In the penultimate room is ‘Stoke-byNayland’ (c.1835–7), the last full-size sketch, for which no finished picture exists. It’s a great way to end an exhibition: the broken, feathery treatment full of passion and vigour, the light glinting off everything, revealing and concealing. Just this painting and a cabinet of studio materials — palette, knife, brushes and a metal box containing 11 pig-skin bladders of paint, a glass phial of blue pigment and a piece of gypsum for drawing or roughening paper and canvas.

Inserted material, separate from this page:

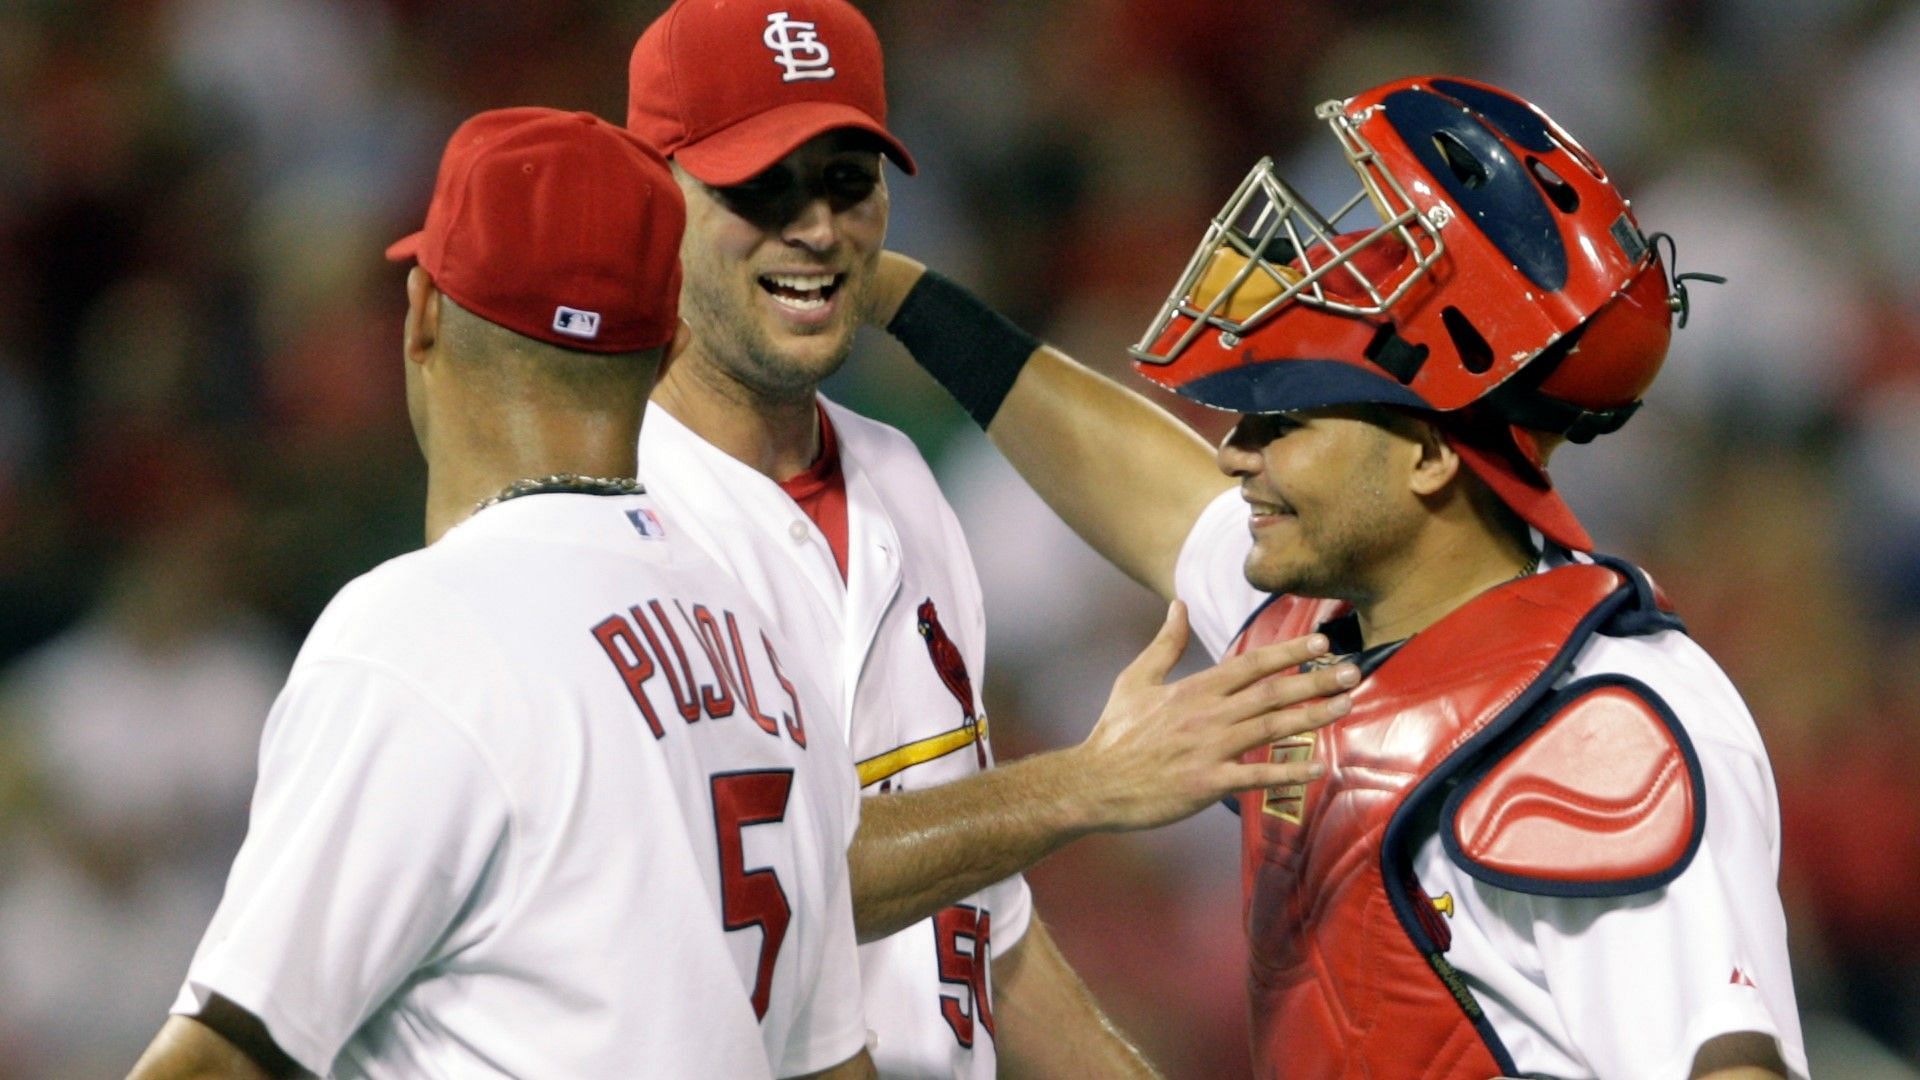 Albert Pujols (left), Adam Wainwright (middle), and Yadier Molina (right) all plan to retire after 2022 MLB season

The last room contains interactive screens for those who feel the need to play after the undiluted glories of a great exhibition. The show travels to the National Gallery of Art, Washington, in the autumn, and opens at the Huntington Library and Art Gallery, San Marino, early in 2007. It’s accompanied by a helpful and informative catalogue (£24.99 in paperback) that is for once an actual catalogue, closely following the layout of the exhibition, not just a volume of loosely connected essays.
In a letter of 1833 to his friend and biographer C.R. Leslie, Constable wrote: ‘Your regard for me has at least awakened me to believe in the possibility that I may yet make some impression with my “light” — my “dews” — my “breezes” my “bloom” and my “freshness” — no one of which qualities have yet been perfected on the canvas of any painter in the world — ’ No, and they still haven’t, but Constable comes pretty close to that perfection, and continues to make an unimpaired appeal through his pictures. As he said: ‘The language of the heart is the only one that is universal.’